**INFORMATION GIVEN**
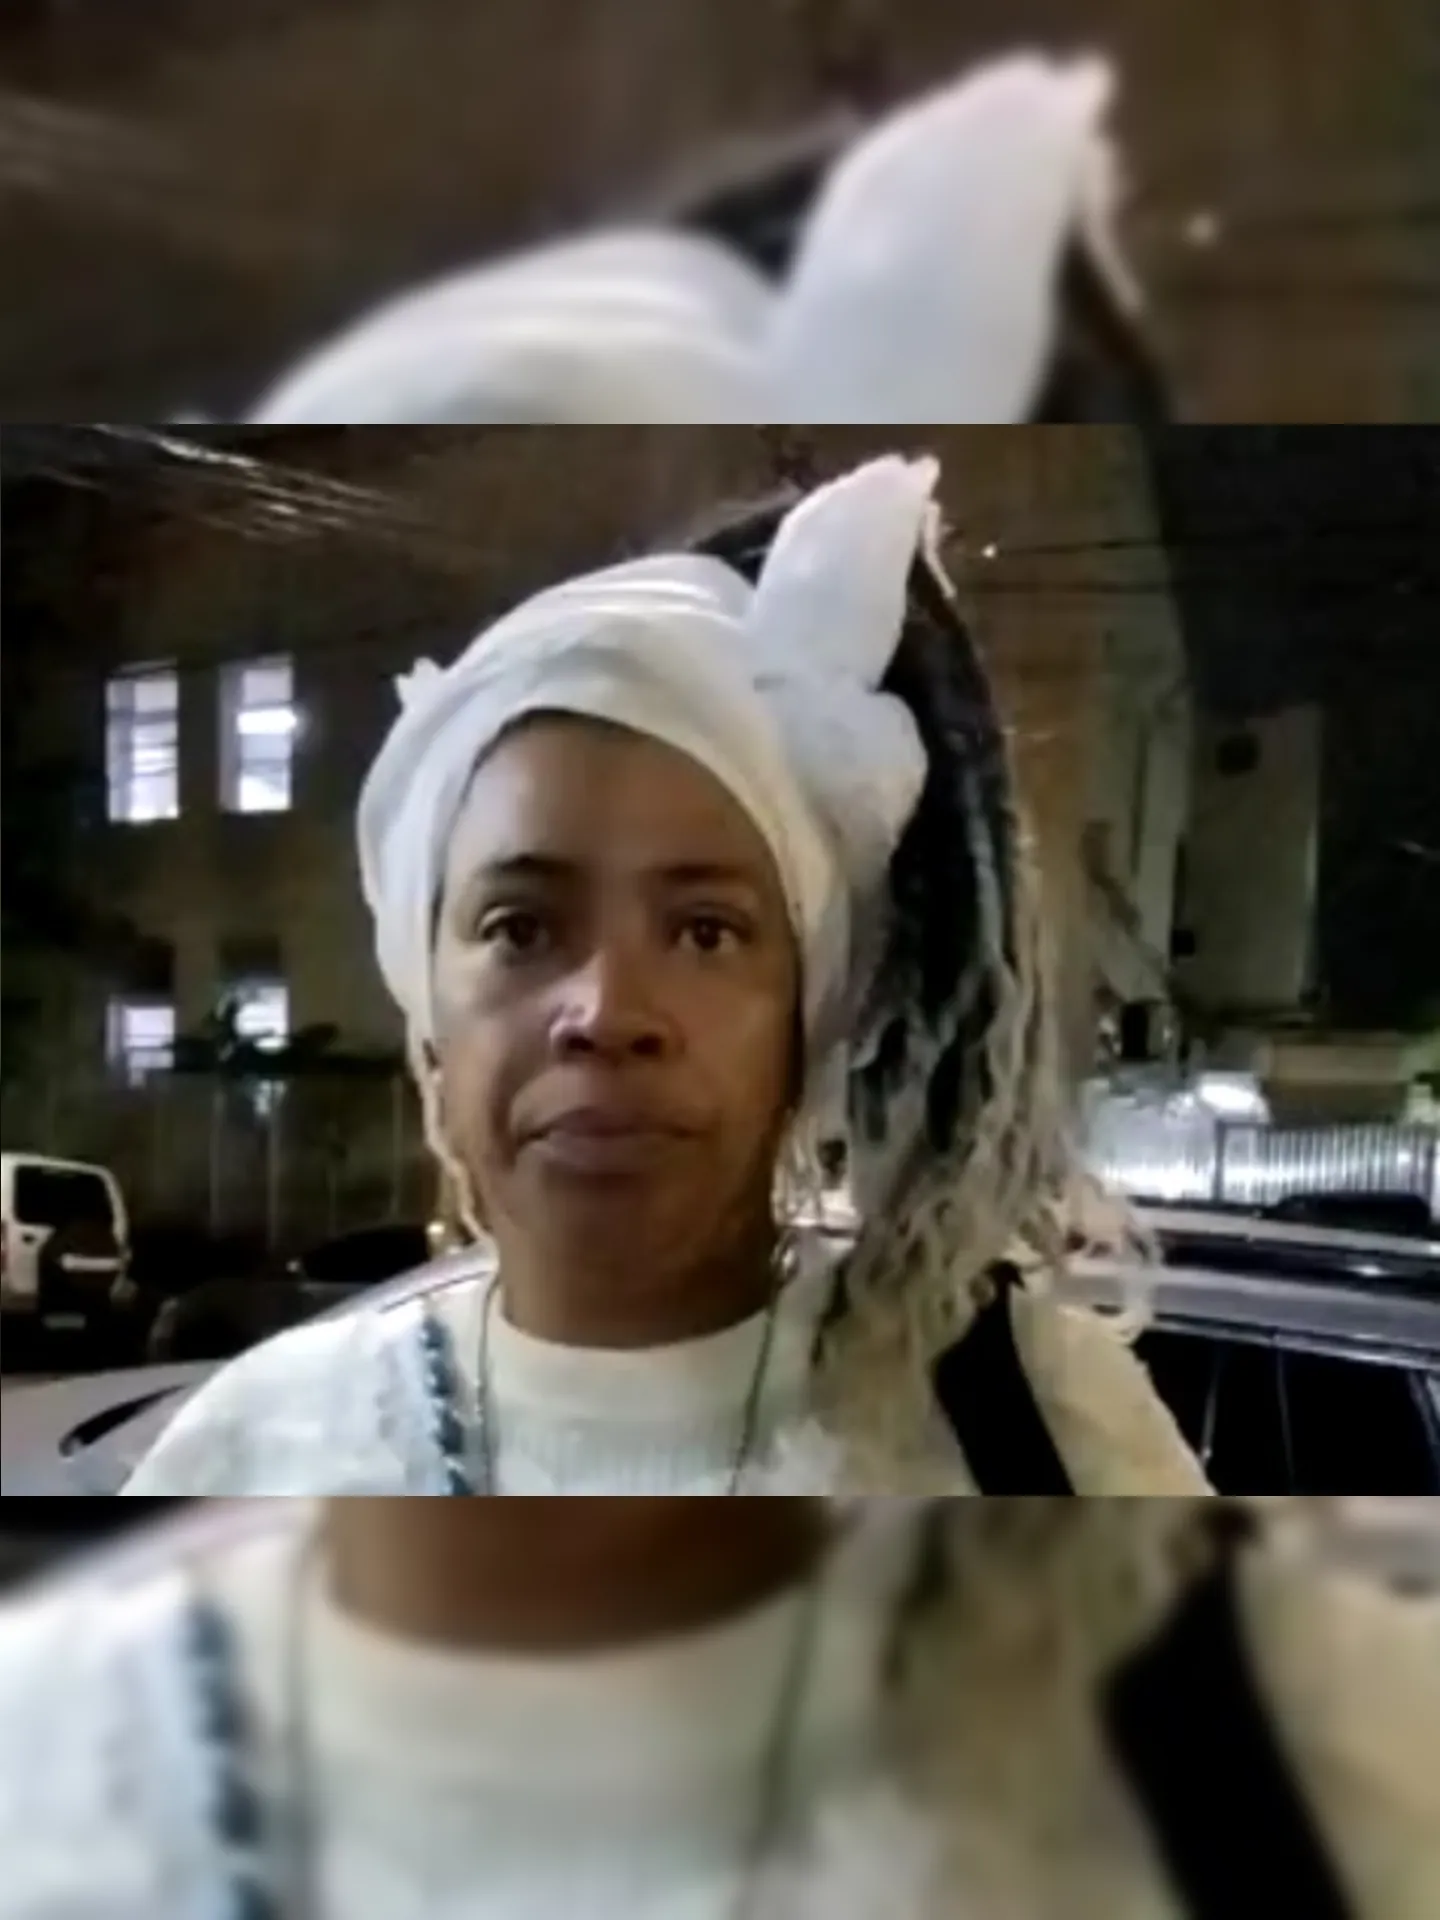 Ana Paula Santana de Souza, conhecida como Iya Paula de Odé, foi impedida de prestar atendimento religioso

---

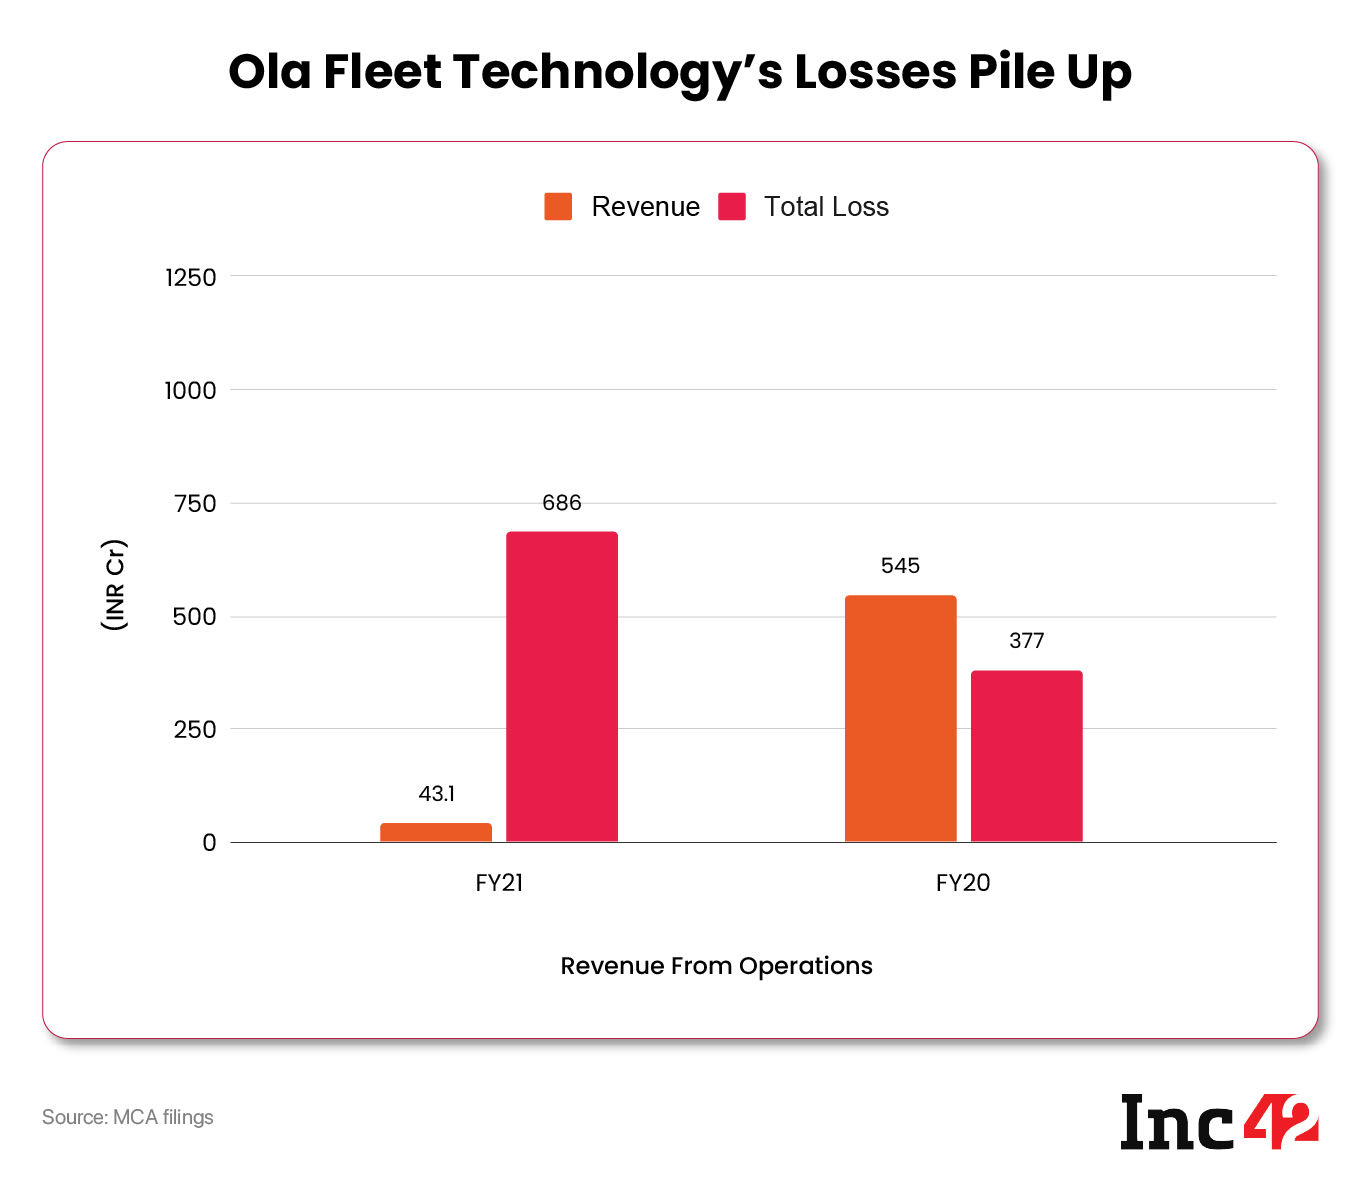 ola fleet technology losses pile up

* * *

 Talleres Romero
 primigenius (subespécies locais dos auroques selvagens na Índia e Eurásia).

**WORK INSTRUCTIONS**
For this task, write out exactly the lines of the entries above, starting at the line with "Talleres Romero" and ending at the line with "primigenius (subespécies locais", both included, and no others.

**SOLUTION TO THIS EXERCISE**
 Talleres Romero
 primigenius (subespécies locais dos auroques selvagens na Índia e Eurásia).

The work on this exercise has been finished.